Problem is... other tests dont indicate CPU performance increasing like that. It could be a quirk in 3dmark due to HT. In a more realistic test, e.g. CB10, the HT only added a small % to CPU score.

Also look at 3dmark06. A Q6600 at 2.93Ghz scores 4,680 on DDR1. The bloomfied is getting 5183 according to Toms. That's only a 10% increase on the same clocks. Not a very big gain given new CPU, Quickpath and DDR3!
 
Problem is... other tests dont indicate CPU performance increasing like that. It could be a quirk in 3dmark due to HT. In a more realistic test, e.g. CB10, the HT only added a small % to CPU score.

Also look at 3dmark06. A Q6600 at 2.93Ghz scores 4,680 on DDR1. The bloomfied is getting 5183 according to Toms. That's only a 10% increase on the same clocks. Not a very big gain given new CPU, Quickpath and DDR3!

What makes cinebench more realistic, I'm curious. And what makes vantage less reliable than 06? You seem to be snatching whatever poor increases you can and then ignoring the positive ones. We're seeing a mix b/c this tech is not supported fully utilized yet, on a software and hardware level.
 
Not really, look at PC Mark 05 also. 4 out of 5 tests (3Dmark05, CB10, PCmark05, Superpi) do not show significant wins with Bloomfield.

"Snatching?", pot calling kettle black.

It's pretty clear that results so far indicate bloomfield is luke warm. That's all we've got to go on. Don't you think it's wishful thinking to ignore that and just blow the bloomfield trumpet? Let's hope things change, but until they do, GO WITH THE FACTS.
 
Not really, look at PC Mark 05.

4 out of 5 tests (3Dmark05, CB10, PCmark05, Superpi) do not show significant wins with Bloomfield.
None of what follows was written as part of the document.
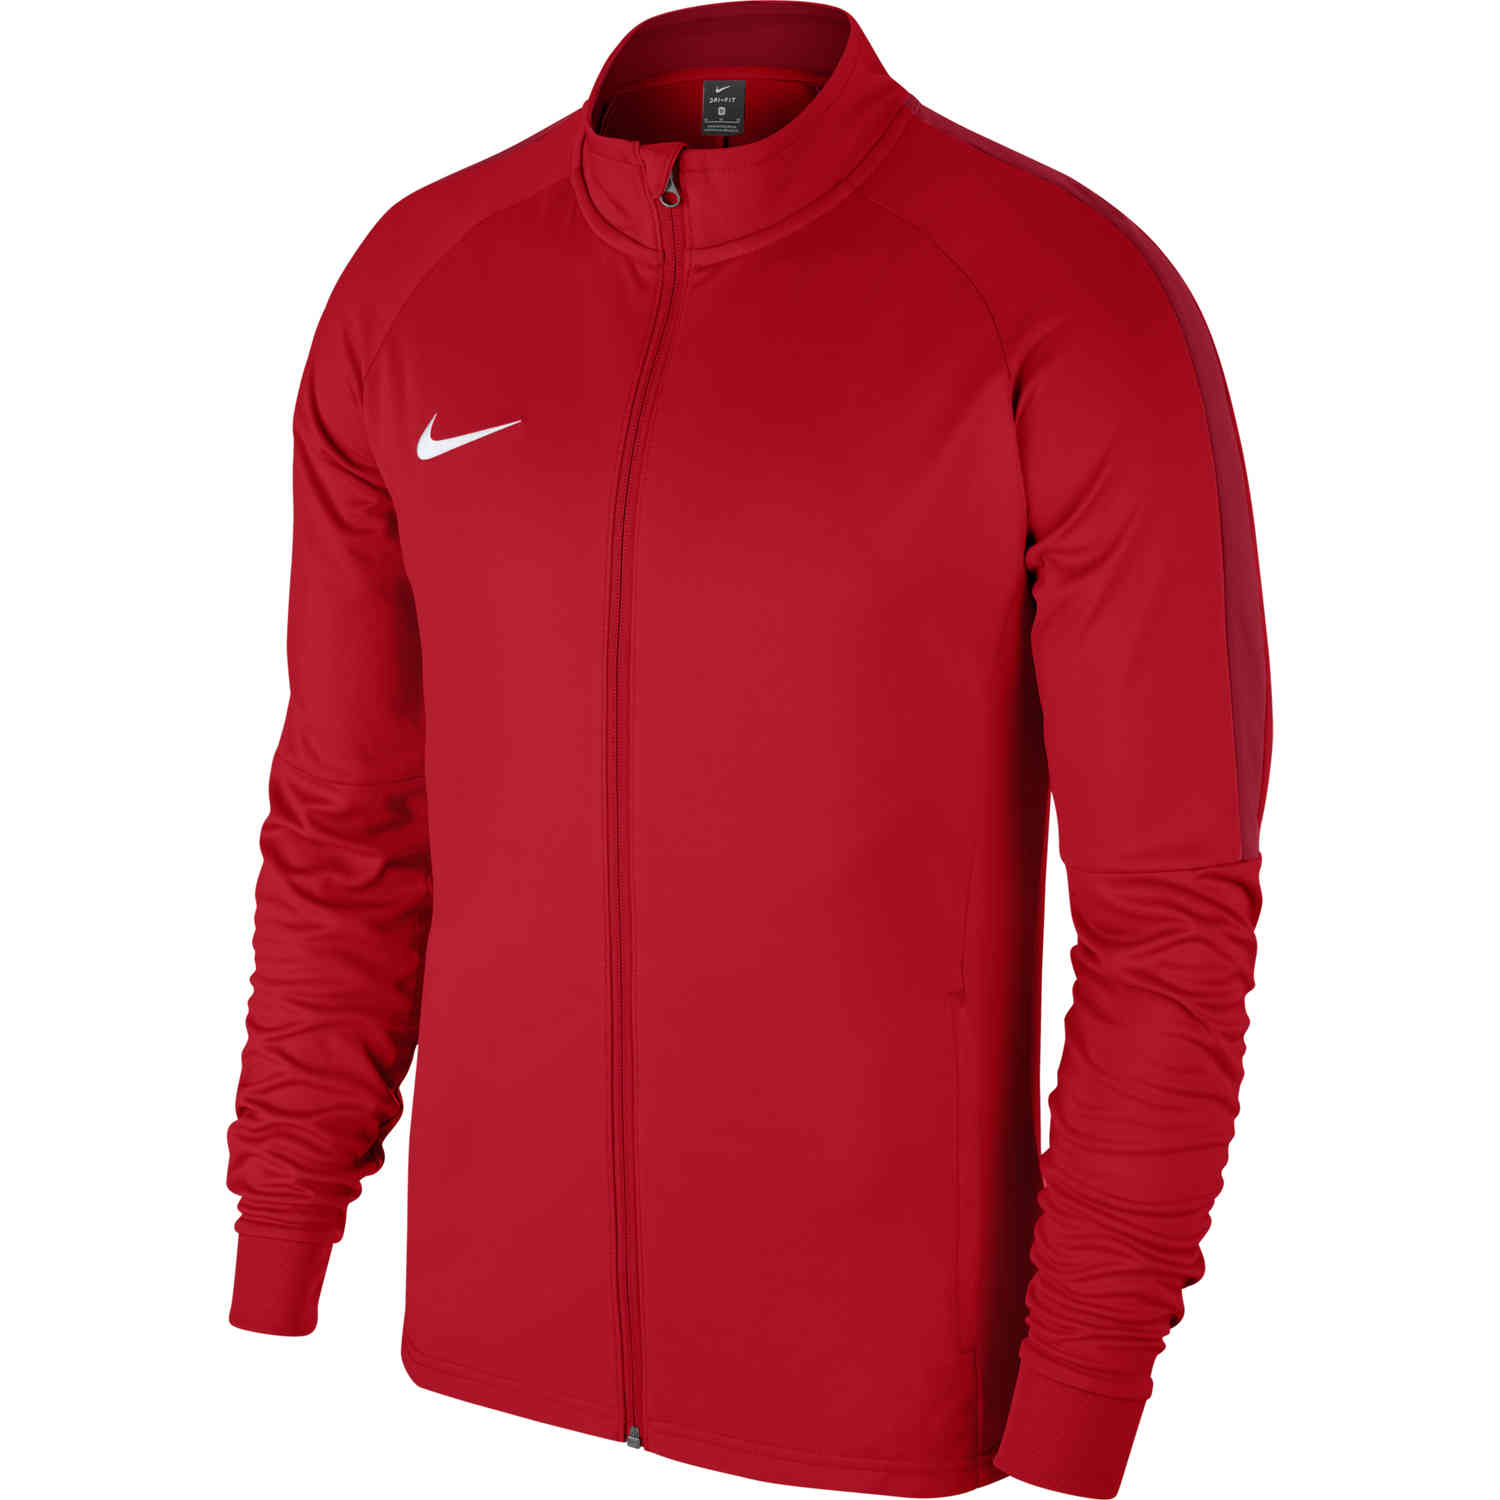 Nike Academy18 Track Jacket - University Red - SoccerPro

"Snatching?", pot calling kettle black.

lol, not quite, just pointing out the inconsistencies of your argument, although I am inclined to believe this is going to be quite a nice line-up once everything is working. I don't know about cinebench, or superpi (but I know at least that one has been around for a while), but I'll take the results from a more recent benchmark over ones from 3 years ago when dealing w/ new tech. Also, I agree that the increase in core for core speed is not impressive at all, but maybe we're spoiled w/ the core 2. 8 logical cores and triple channel ddr3 (which I don't think has been implemented yet) along w/ qpi will yield significant gains even if core for core the proc worked slower, how could it not? It will take a multi-threaded app to show it though.
 
I really dont know farlex. I "held out" for bloomfield, but now, I actually think a better powerhorse is xeon quad x 2 on skulltrail, e.g. http://geizhals.at/deutschland/a318034.html
There you've got 8 real cores. If you look at the CB10 results, or media encoding results, for such a monster it blows bloomfield. http://www.3dfluff.com/mash/cinebench/top.php

But I guess bloomfield will be a lot cheaper than the workstation/server solution to über-power.